TASK GOAL:
Print a faithful copy of the data below, word for word, with the pictures left out.

DATA PROVIDED:
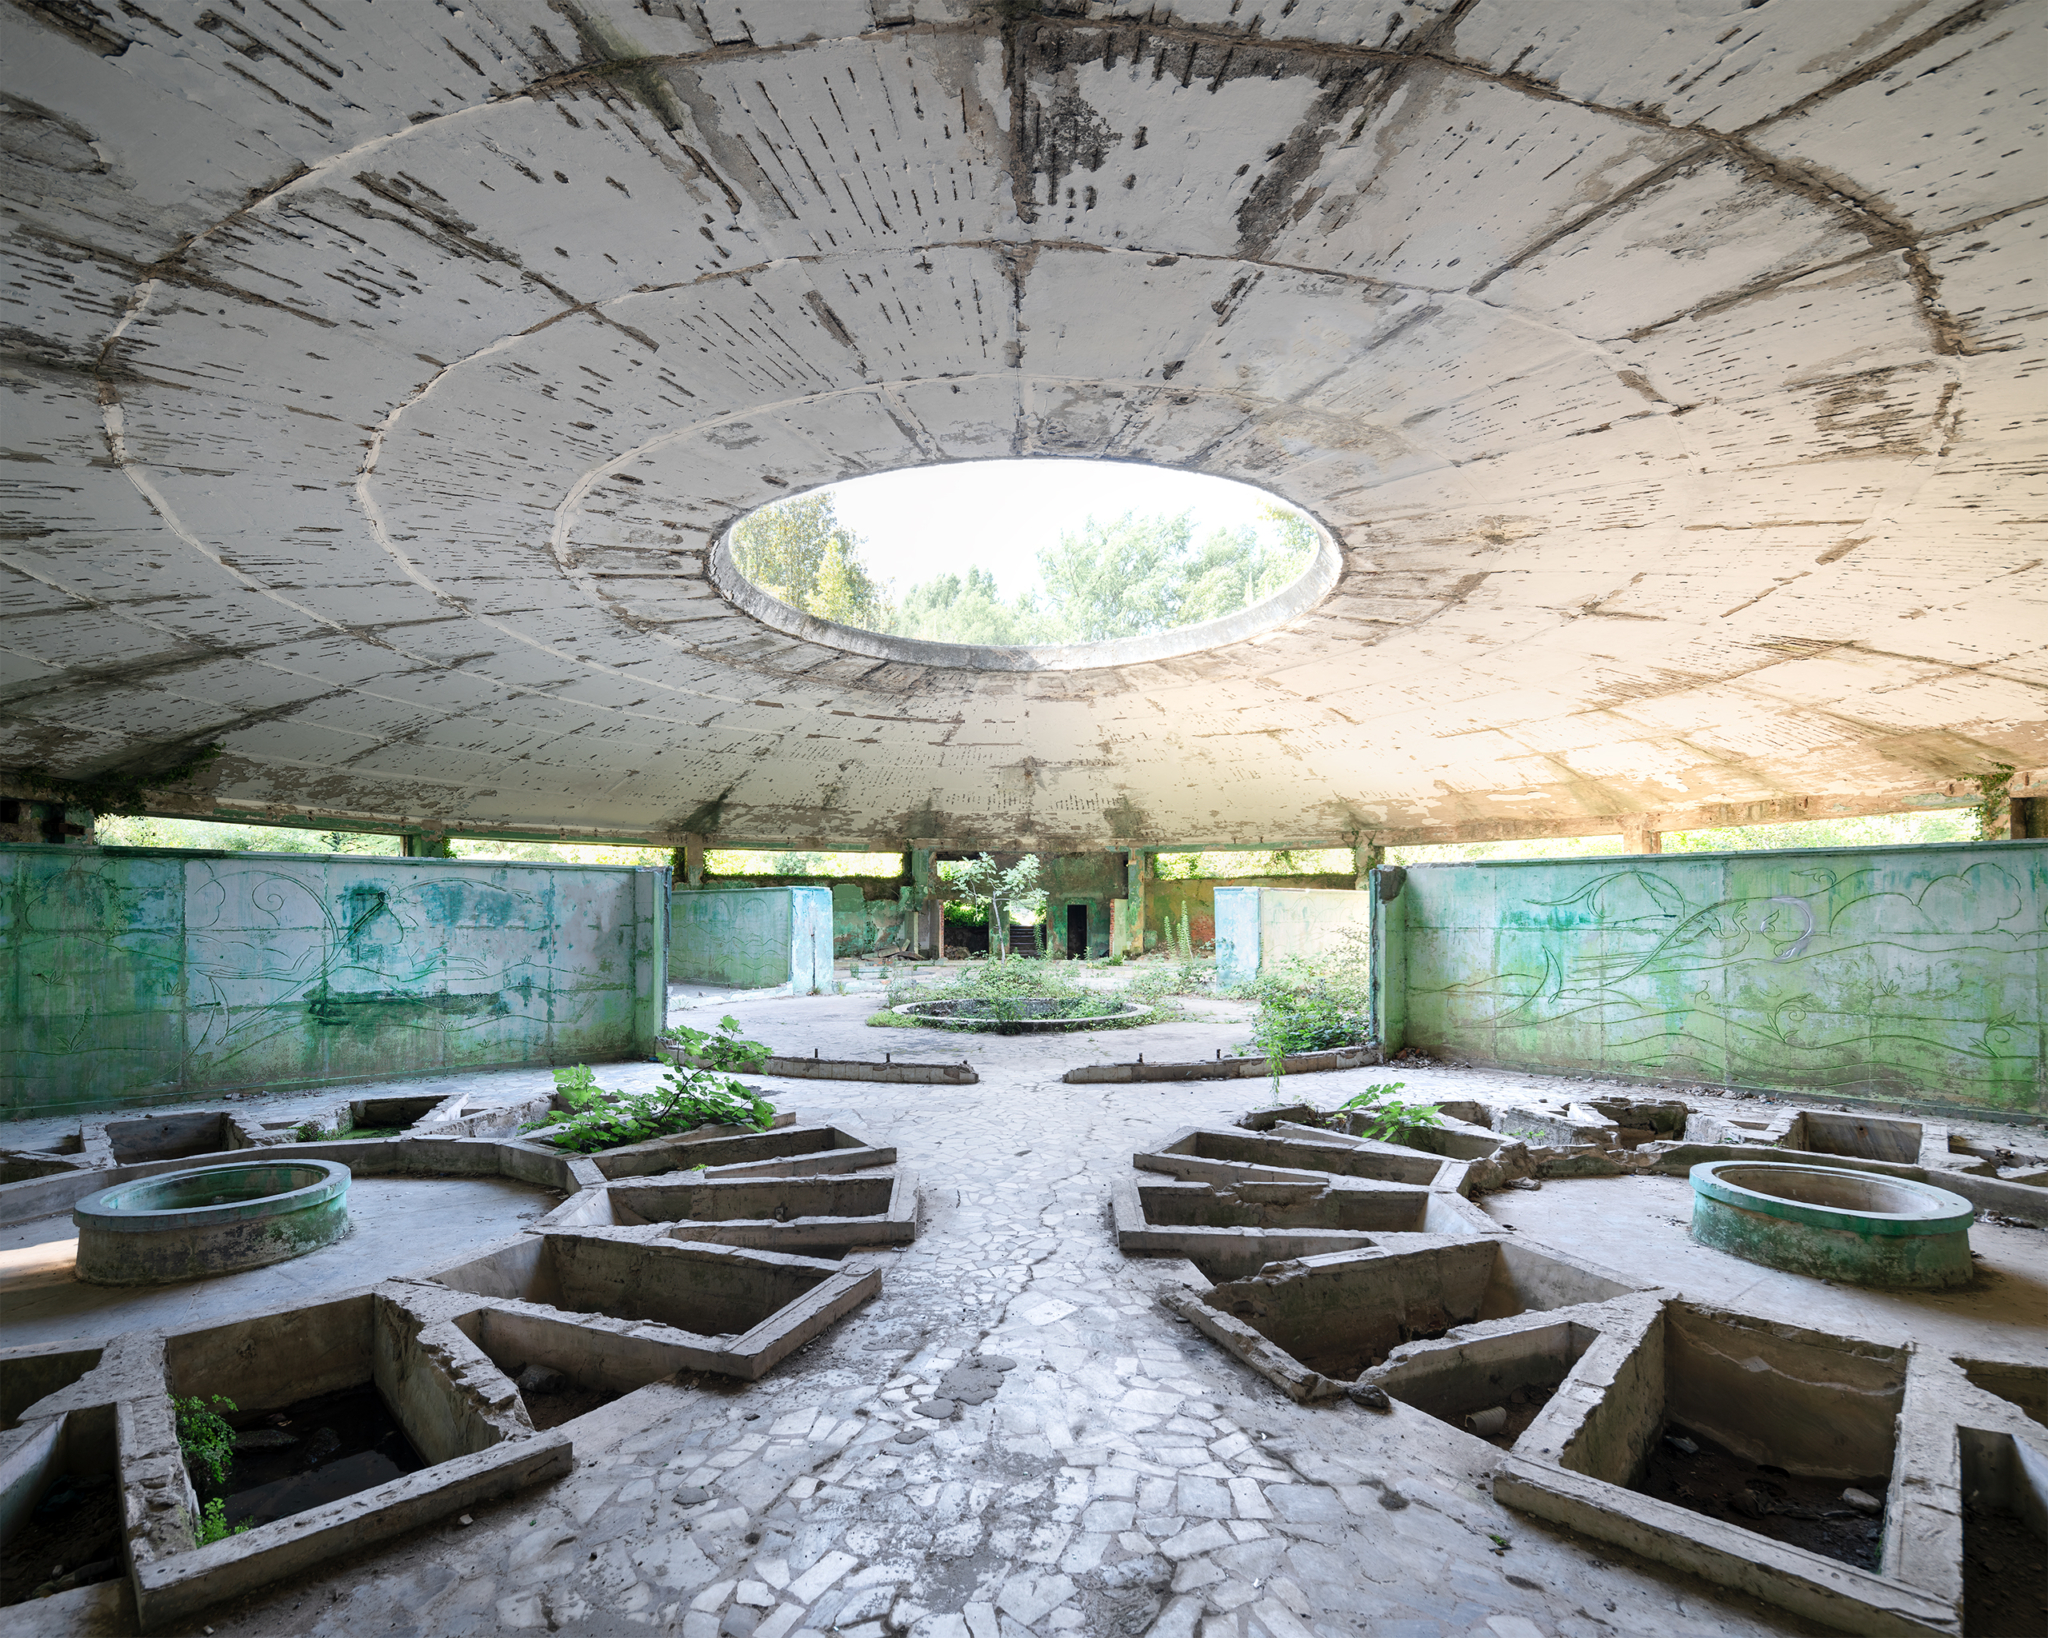 Abandoned baths number 8 inside the city of tskaltubo in Georgia
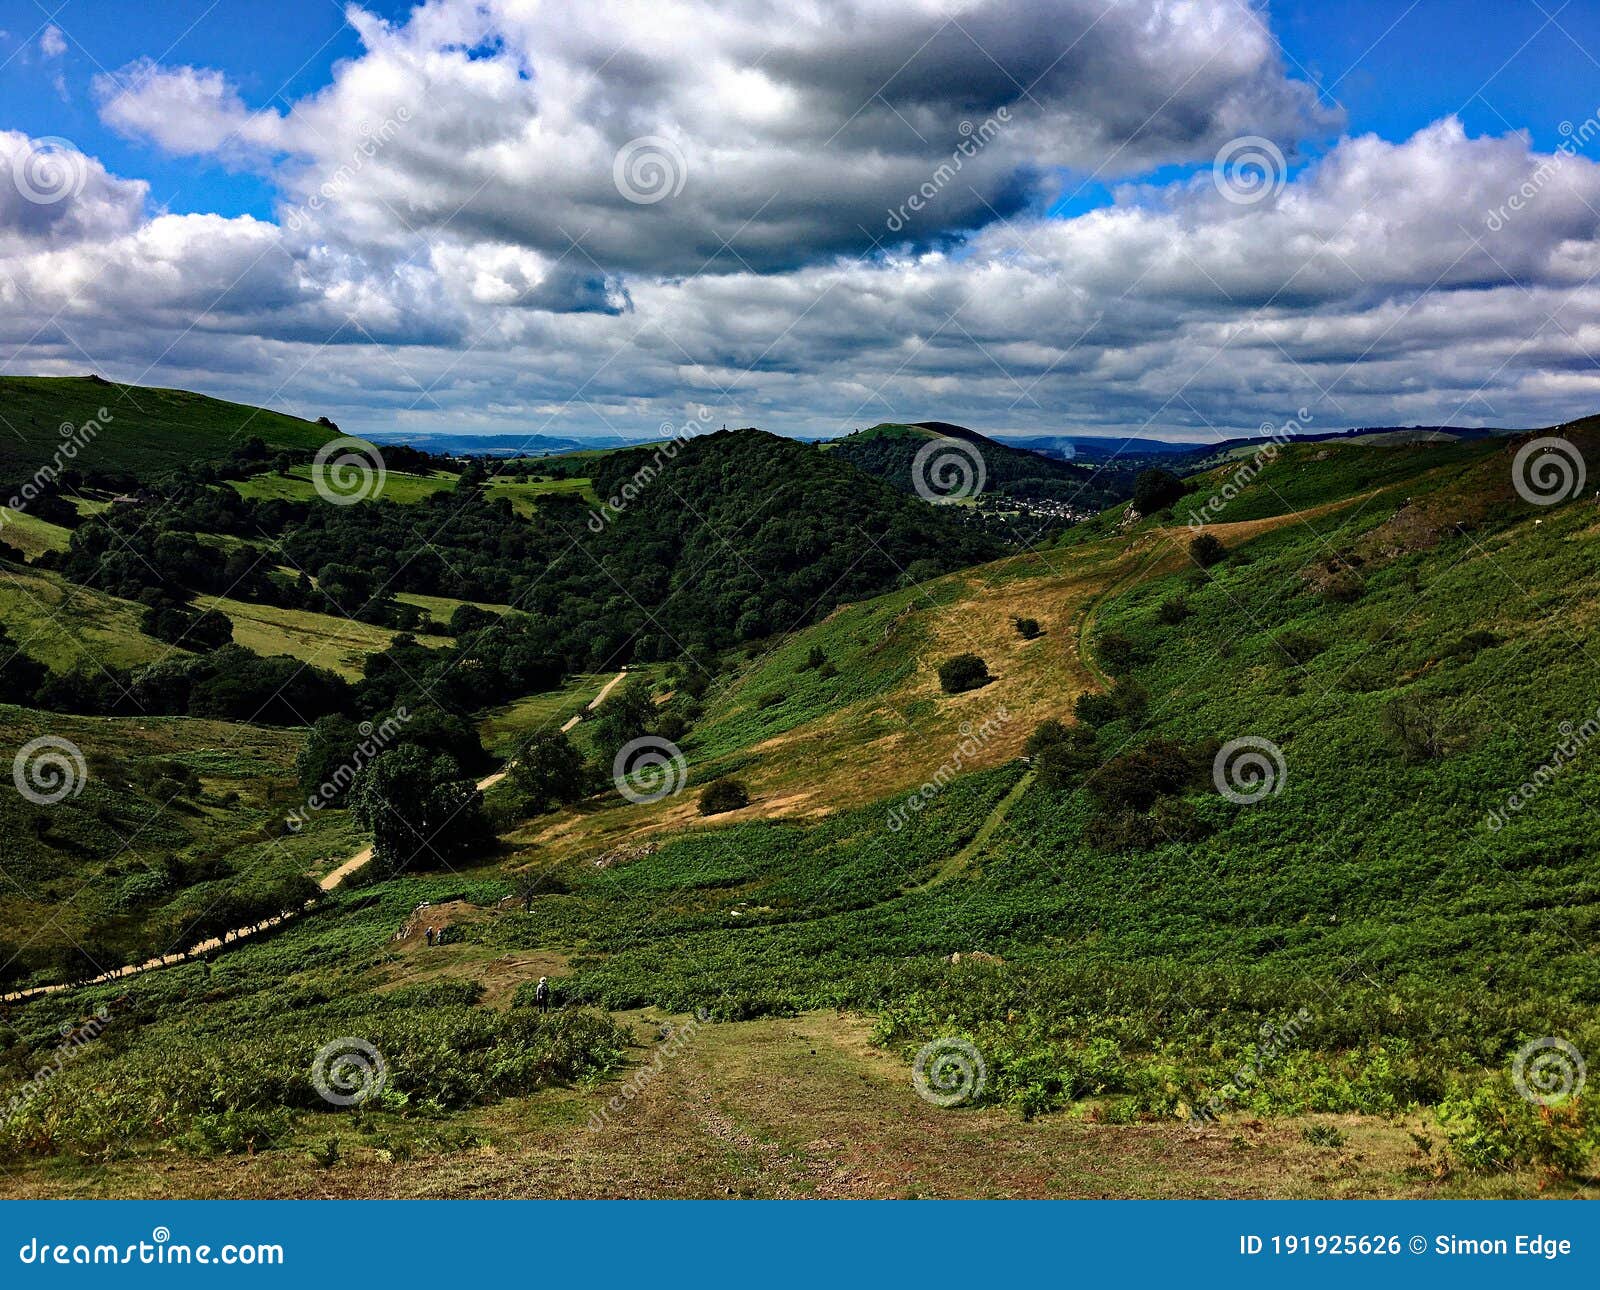 a view of the shropshire countryside near caer caradoc
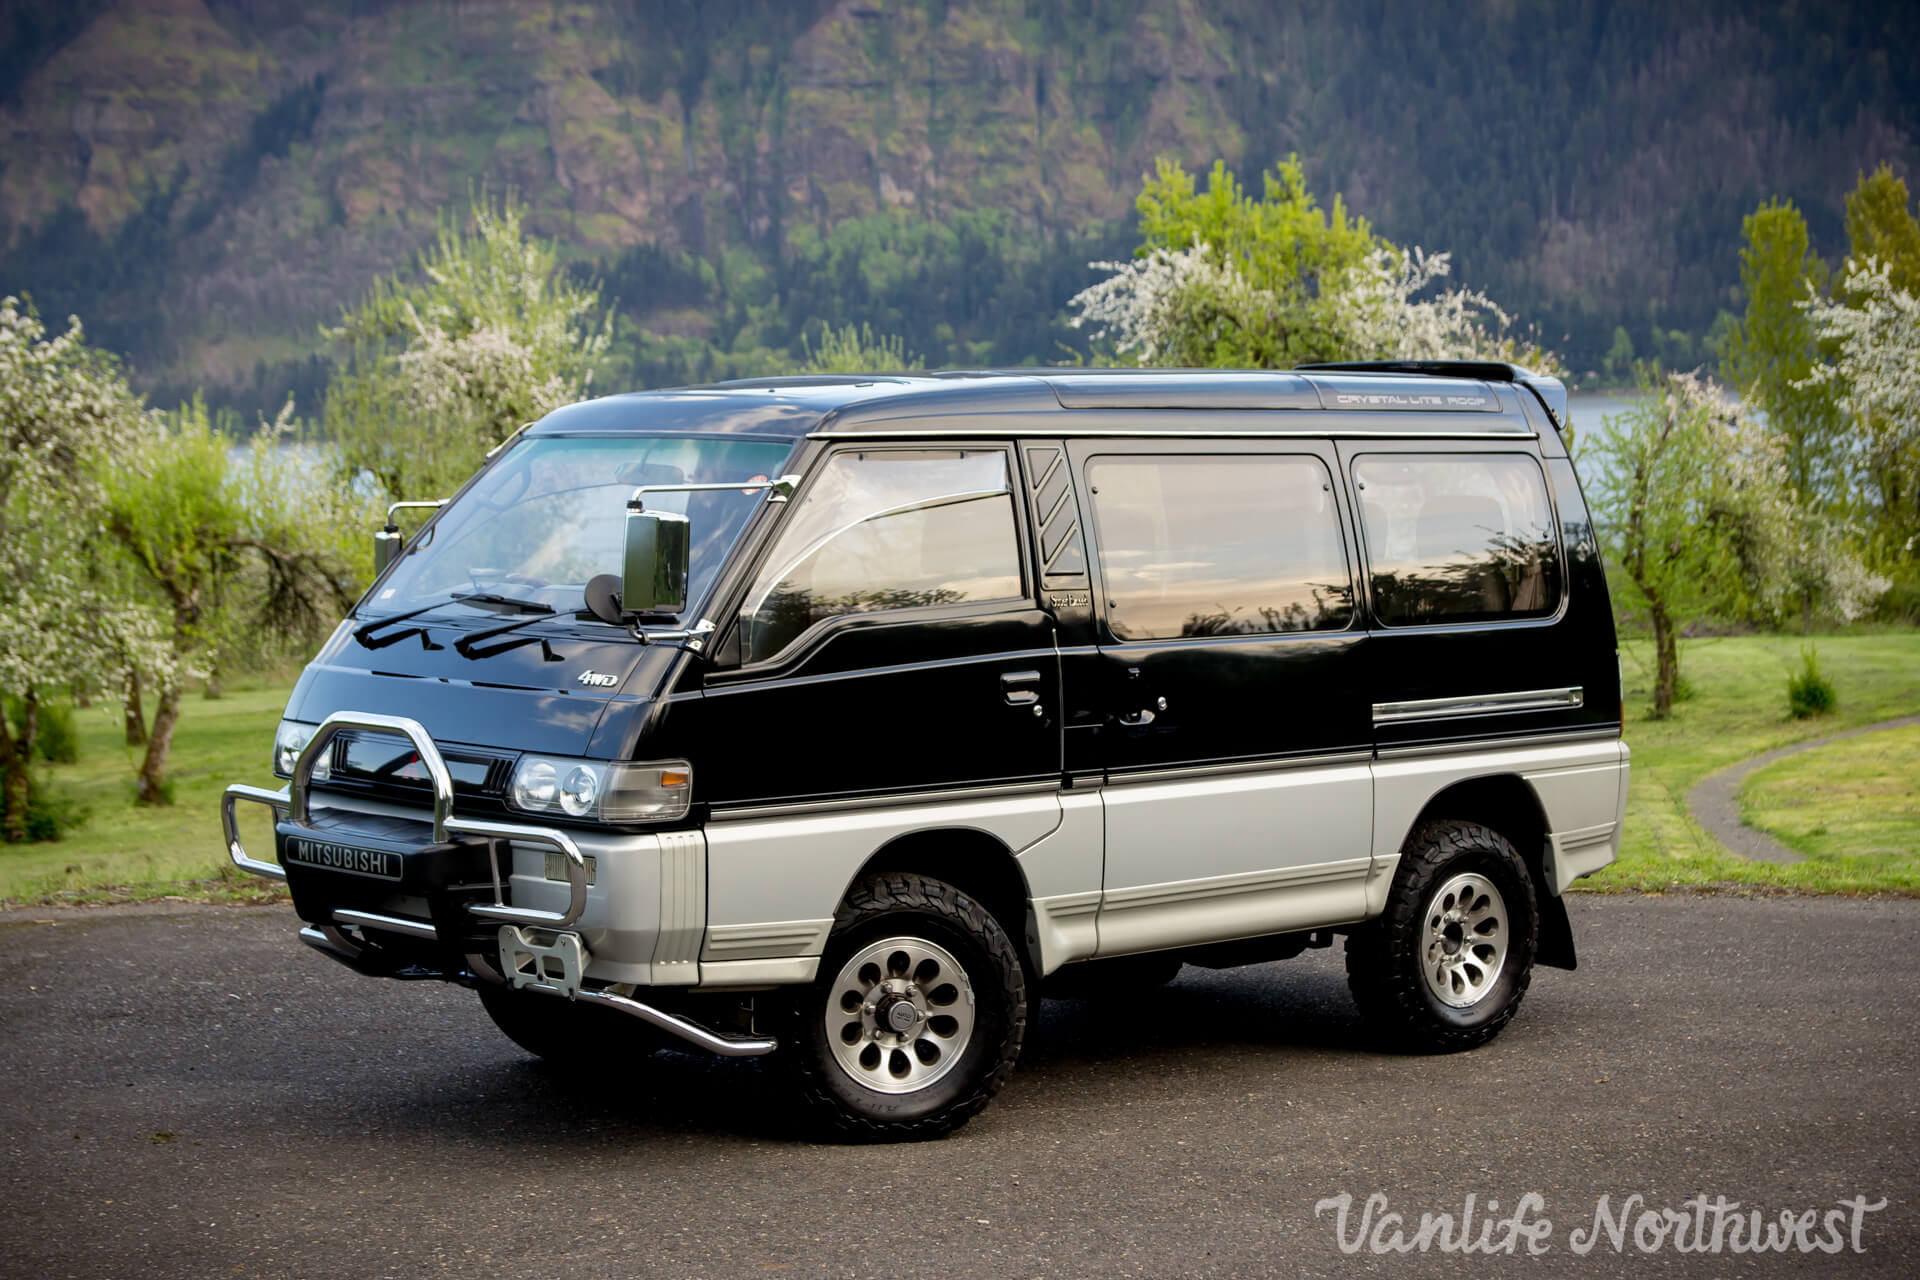 mitsubishi 4x4 van delica for sale

ANSWER TO THE PROBLEM:
 Abandoned baths number 8 inside the city of tskaltubo in Georgia
 a view of the shropshire countryside near caer caradoc
 mitsubishi 4x4 van delica for sale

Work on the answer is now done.